Your objective: An exact copy of the data is required, with no pictures in it.

Provided material:
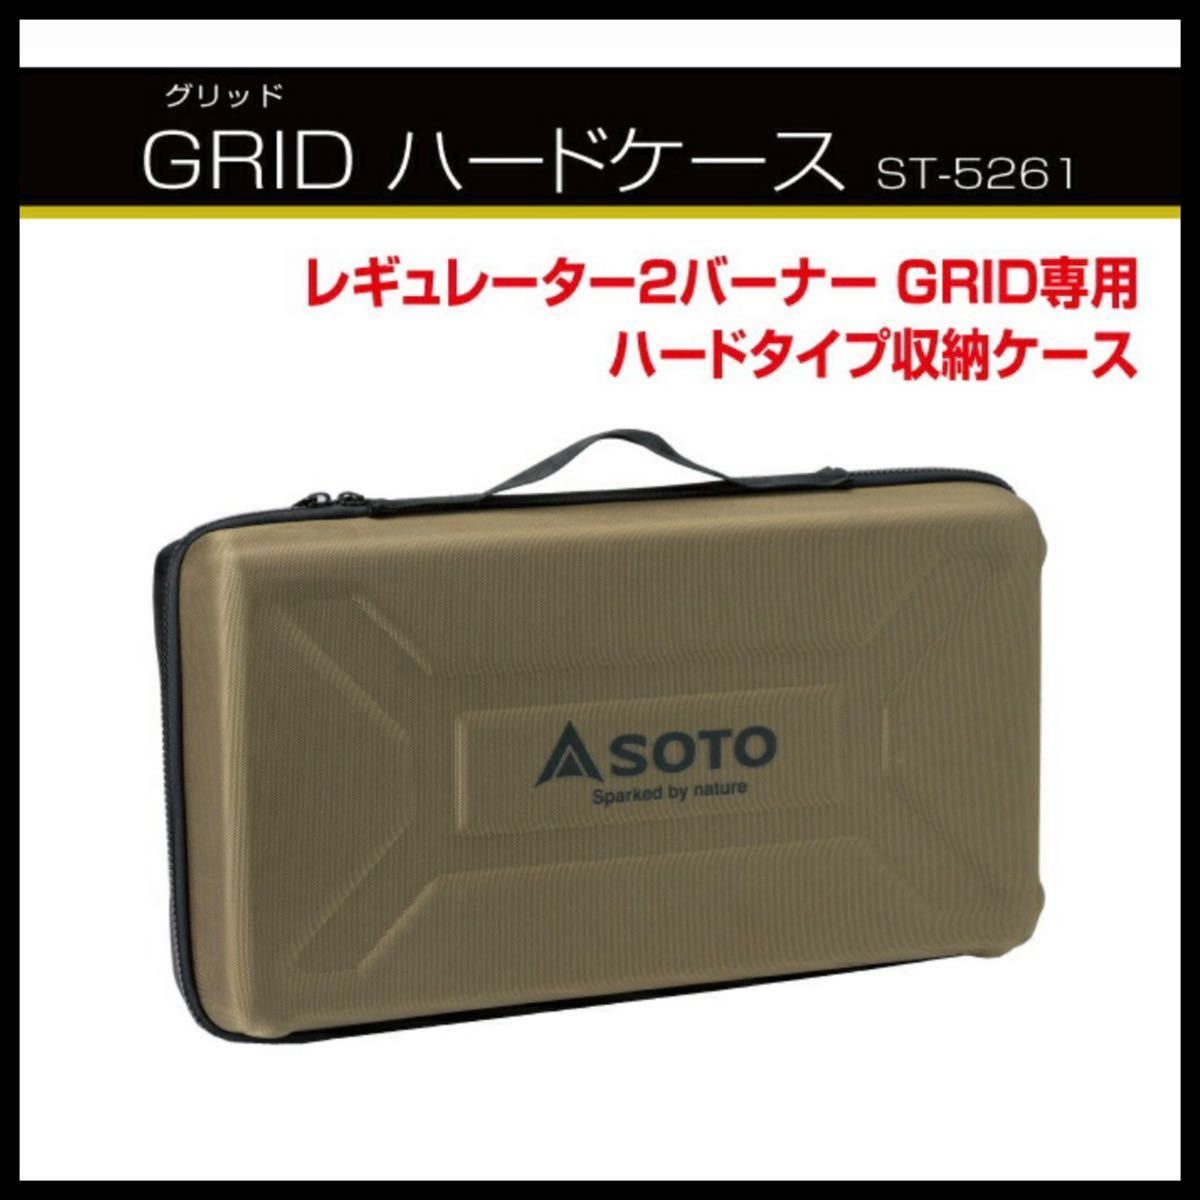 【送料無料】新品 レギュレーター2バーナー GRID ST-526/GRID ハードケース ST-5261 SOTO ツーバーナー
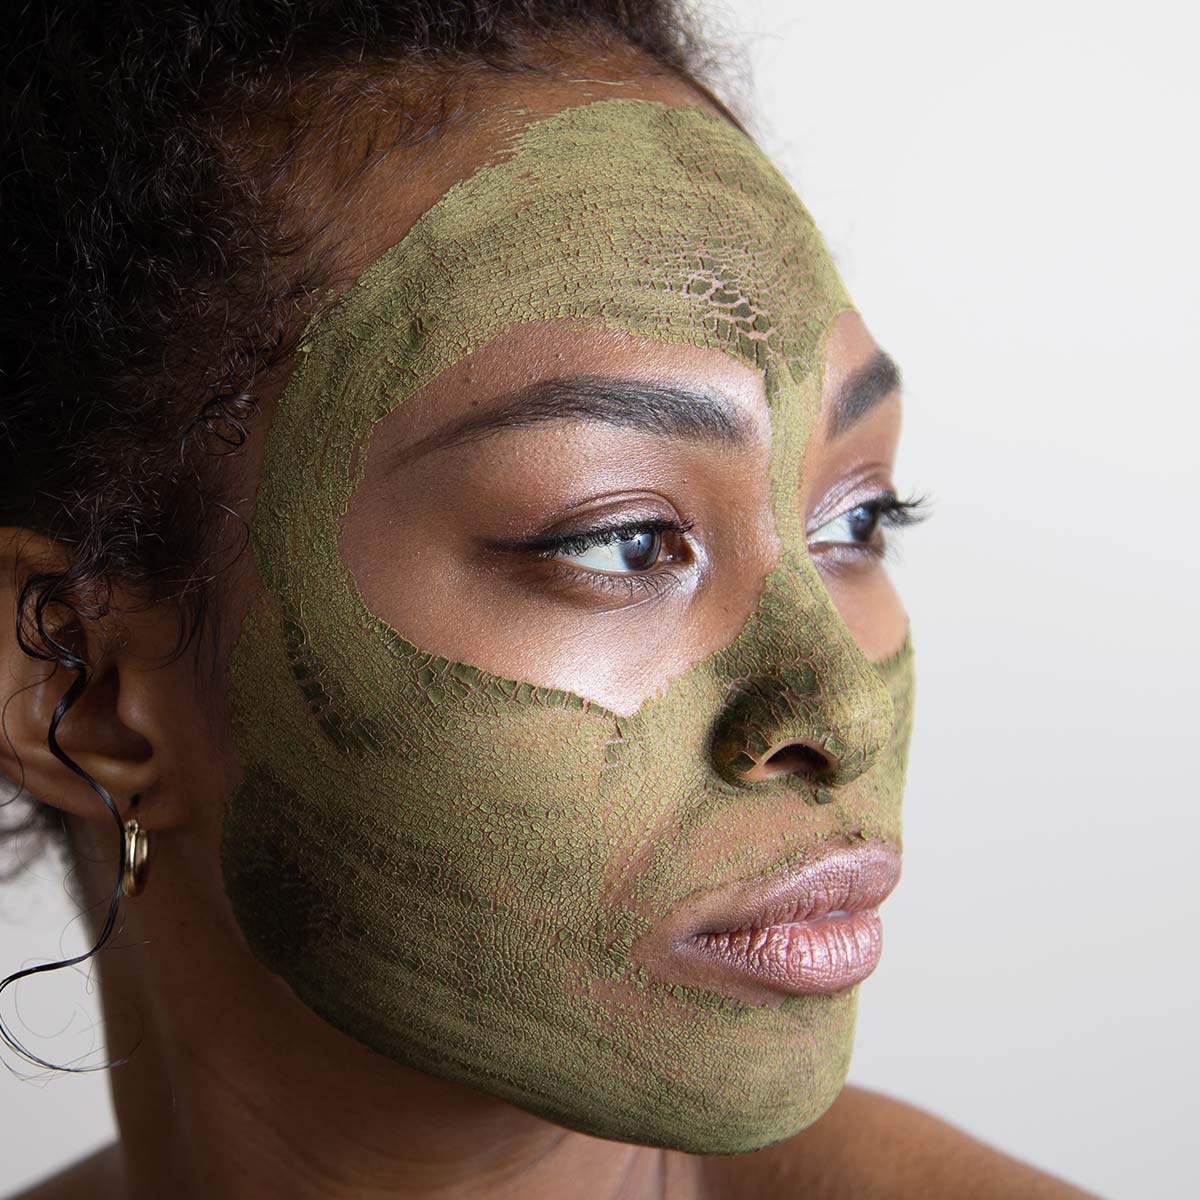 Green Tea Clay Face Mask
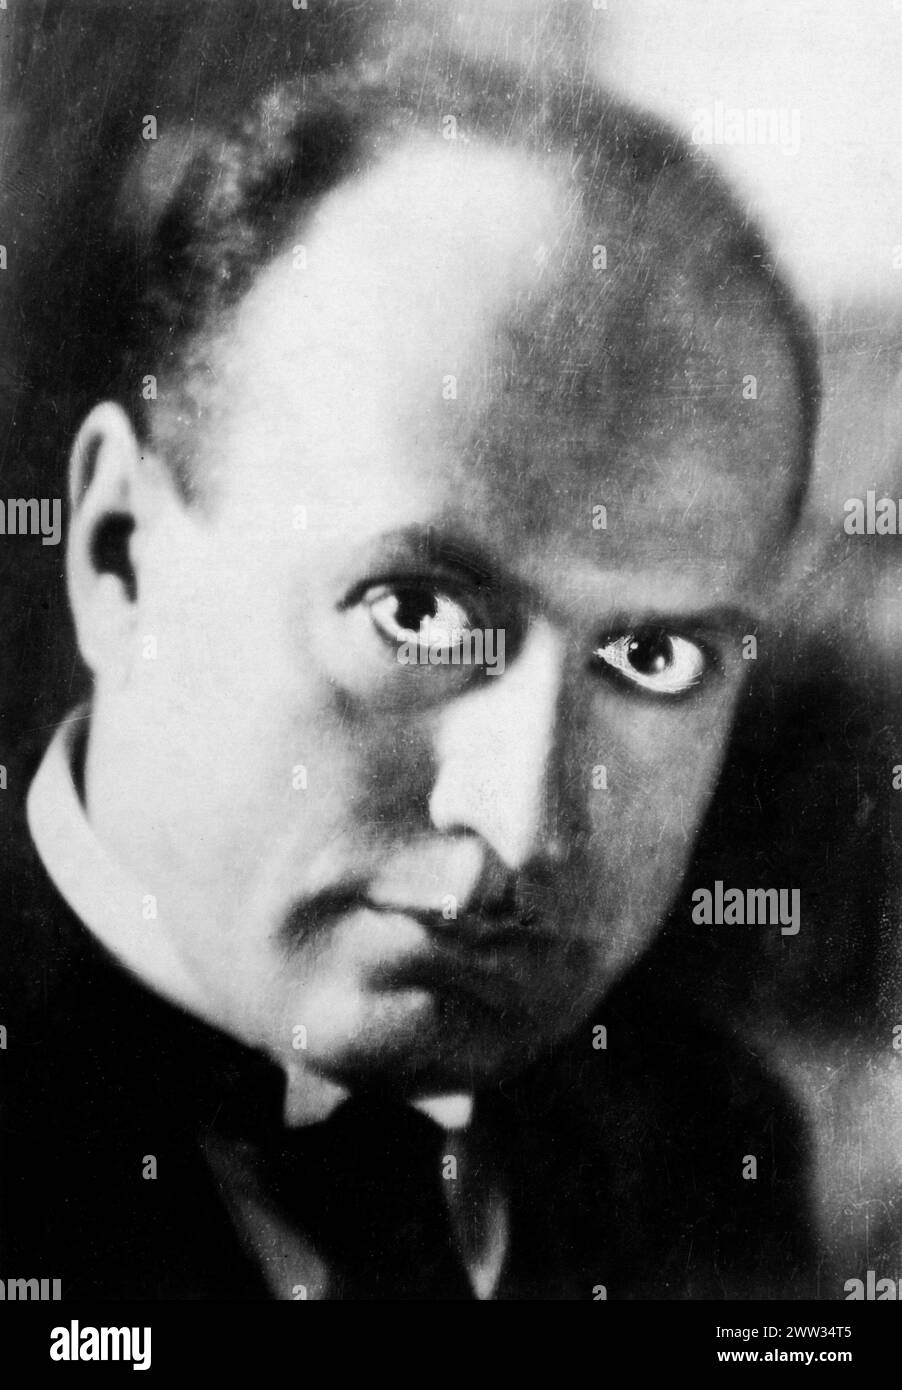 Benito Amilcare Andrea Mussolini (1883 - 1945) - il Duce - dictateur fasciste italien de 1922-1943 - photo retouchée à la main, 1924 Banque D'Images

Written solution:
 【送料無料】新品 レギュレーター2バーナー GRID ST-526/GRID ハードケース ST-5261 SOTO ツーバーナー
 Green Tea Clay Face Mask
 Benito Amilcare Andrea Mussolini (1883 - 1945) - il Duce - dictateur fasciste italien de 1922-1943 - photo retouchée à la main, 1924 Banque D'Images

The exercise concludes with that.